Bases: BasePredictionWriter

Callback for writing generated embeddings to disk.

This callback writes the embedding files in a separate process to avoid blocking the main process where the model forward pass is executed.

Parameters:

Name	Type	Description	Default
`output_dir`	`str`	The directory where the embeddings will be saved.	required
`backbone`	`Module \| None`	A model to be used as feature extractor. If `None`, it will be expected that the input batch returns the features directly.	`None`
`dataloader_idx_map`	`Dict[int, str] \| None`	A dictionary mapping dataloader indices to their respective names (e.g. train, val, test).	`None`
`group_key`	`str \| None`	The metadata key to group the embeddings by. If specified, the embedding files will be saved in subdirectories named after the group_key. If specified, the key must be present in the metadata of the input batch.	`None`
`overwrite`	`bool`	Whether to overwrite the output directory. Defaults to True.	`True`

Source code in src/eva/core/callbacks/writers/embeddings.py

def __init__(
    self,
    output_dir: str,
    backbone: nn.Module | None = None,
    dataloader_idx_map: Dict[int, str] | None = None,
    group_key: str | None = None,
    overwrite: bool = True,
) -> None:
    """Initializes a new EmbeddingsWriter instance.

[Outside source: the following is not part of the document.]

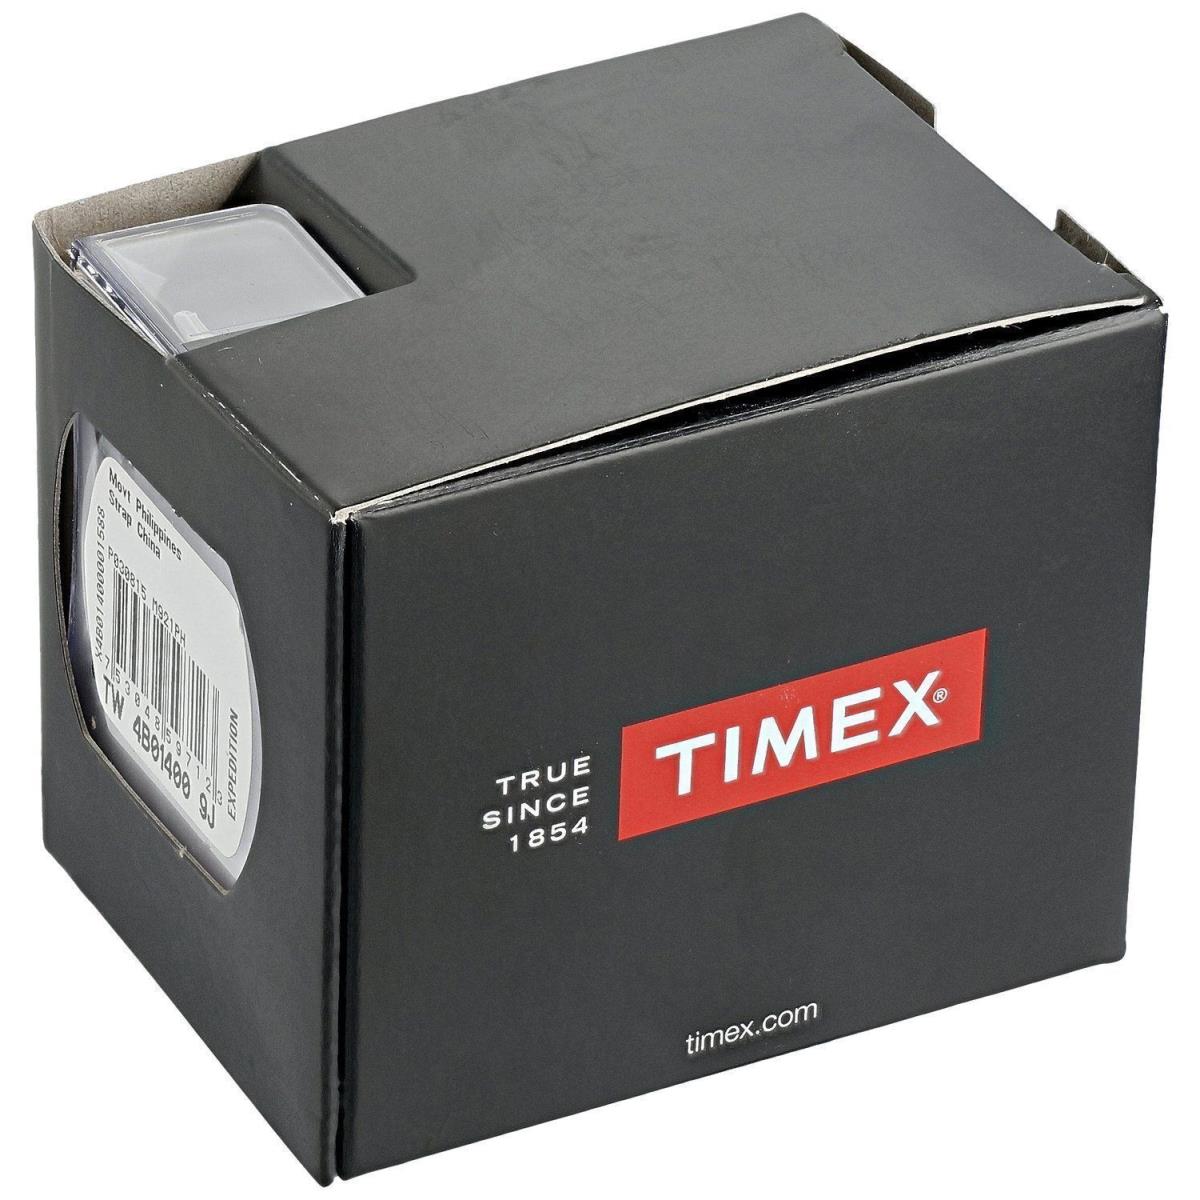 Timex T40091 Men`s Expedition Brown Leather/nylon Watch Indiglo Date - Dial: Black, Band: Black, Bezel: Silver

    This callback writes the embedding files in a separate process to avoid blocking the
    main process where the model forward pass is executed.

    Args:
        output_dir: The directory where the embeddings will be saved.
        backbone: A model to be used as feature extractor. If `None`,
            it will be expected that the input batch returns the features directly.
        dataloader_idx_map: A dictionary mapping dataloader indices to their respective
            names (e.g. train, val, test).
        group_key: The metadata key to group the embeddings by. If specified, the
            embedding files will be saved in subdirectories named after the group_key.
            If specified, the key must be present in the metadata of the input batch.
        overwrite: Whether to overwrite the output directory. Defaults to True.
    """
    super().__init__(write_interval="batch")

    self._output_dir = output_dir
    self._backbone = backbone
    self._dataloader_idx_map = dataloader_idx_map or {}
    self._group_key = group_key
    self._overwrite = overwrite

    self._write_queue: multiprocessing.Queue
    self._write_process: eva_multiprocessing.Process